Las luces del auto cada vez se alejaban más. Suspiró y se lamió los labios, aún podía sentir su
último beso, esa leve caricia que la dejó con ganas de más igual que aquella primera vez.

Él llevaba concurriendo al bar casi tres meses y no habían hablado, ella solo le alcanzaba un
whisky doble sin hielo que él bebía de un trago sin hacer una sola mueca. Ella ya había
intentado conversar del tiempo, del fútbol y cuanto tema se le ocurriera, él solo sonreía y a los
costados de sus ojos se formaban arruguitas que la hacían desear cosas imposibles como
estirar las manos y acariciárselas.

La noche en la que todo cambió, ella llegó al bar de mal humor, el dueño del departamento en
el que vivía le había solicitado que se retirara en un plazo de sesenta días porque pensaba
regalarle el inmueble a su hijo que contraía nupcias. Pasaron las horas y atendía de manera
automática a las personas esbozando una falsa sonrisa que nada detectó. Por primera vez no
pensó en él, tenía problemas más importantes y serios que resolver, tampoco era como si él se
volviera loco por estar con ella. Pensó que tenía que tener cuidado o acabaría con una
denuncia por acoso.

Al terminar su horario, se retiró y mientras caminaba las dos cuadras que separaban su ahora
ex casa del bar sintió que alguien la observaba. Recorrió con la vista los lugares más oscuros y
no vio nada pero aun así la sensación persistía, apuró los pasos y cuando estaba abriendo la
puerta lo sintió detrás de ella. Se dio vuelta muy despacio y lo vio.

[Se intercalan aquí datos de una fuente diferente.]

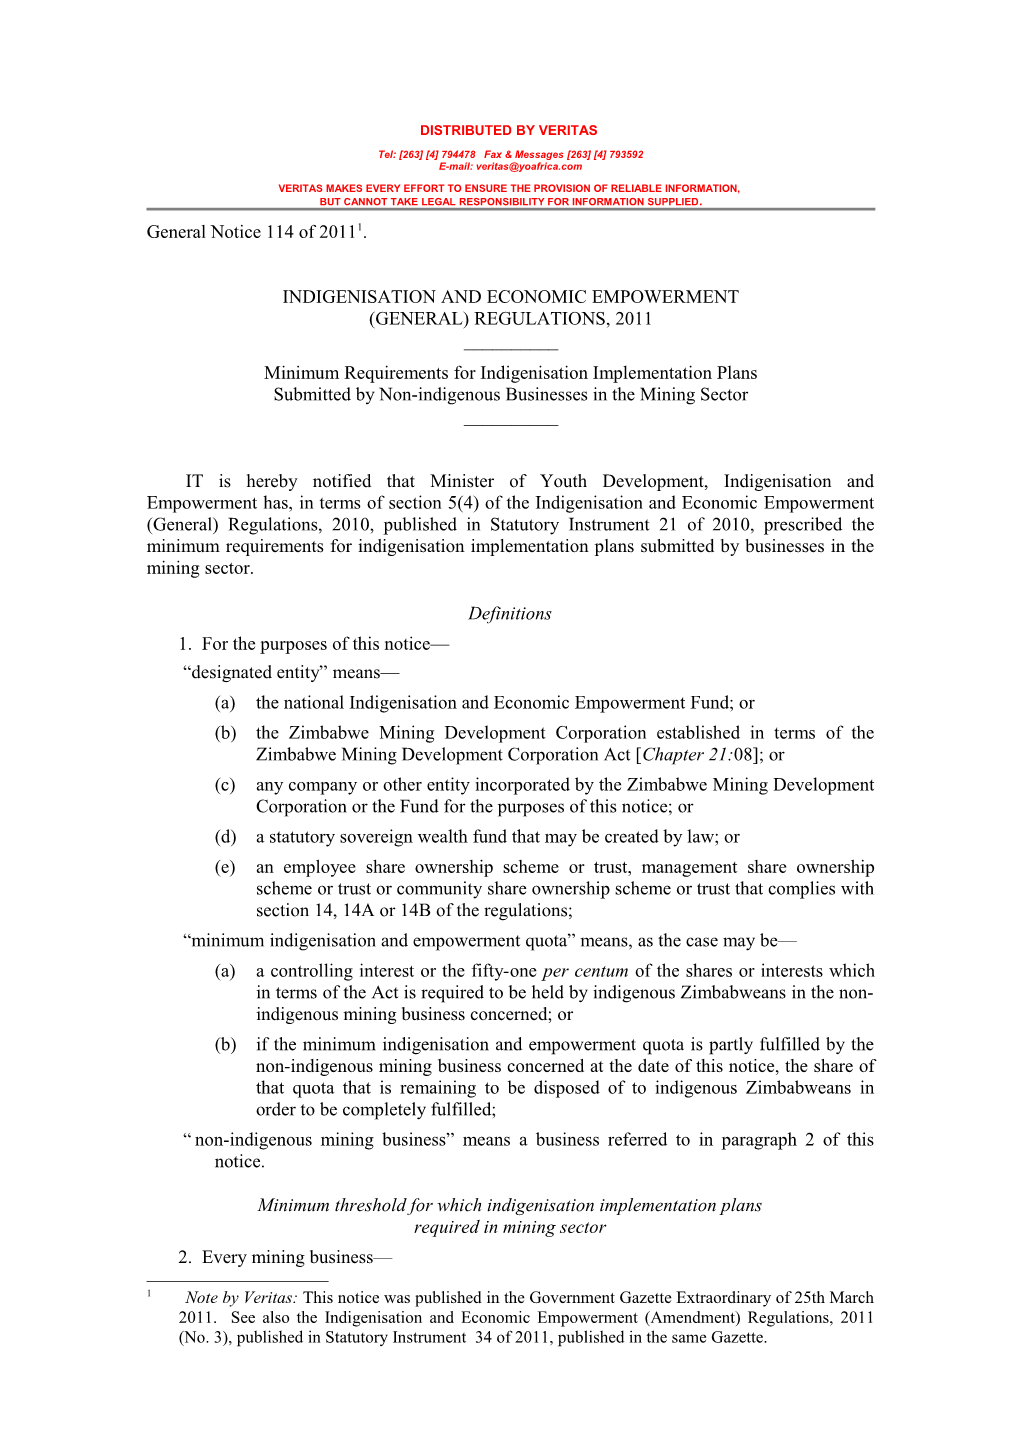 GN 2011-114 - Indigenisation &C - Minimum Requirements for Mining Sector

Él se inclinó y sus labios se tocaron, suaves, tiernos, un beso que invitaba a pecar de la peor
manera; cuando ella se dio cuenta de que él se empezaba a alejar, lo tomó con desesperación
de sus hombros y atacó su boca. Dos respiraciones después estaban dentro de su hogar, las
ropas habían desaparecido y la vieja cama era testigo de una pasión que amenazaba con
quemarla por completo. Cuando el placer parecía ser insoportable ella le dijo “te amo” y sintió
como sus colmillos comenzaban a hundirse en su garganta haciéndola perder cualquier rastro
de lucidez.

Él no había correspondido a sus palabras, ese silencio lastimó su alma. Minutos después por
primera vez habló y cada palabra se introdujo en ella como pequeñas puñaladas. Él era
inmortal, pertenecía a una familia legendaria y aunque la amara no soportaría verla envejecer
y morir. Ya había pasado por eso muchas veces. Le pidió perdón por interferir en sus sueños y
en su mente.

Ella le pidió que la transformara y él sonrió mientras le contaba que eso solo pasaba en las
películas. Ella lloró y él limpió sus lágrimas mientras le decía que solo tendrían esa noche. Ella
asintió y él volvió a besarla.

Las luces del auto ya habían desaparecido y nada de lo que había sucedido parecía real. Solo
quedaban rastros en su cuerpo saciado, en su garganta marcada y en su corazón destrozado.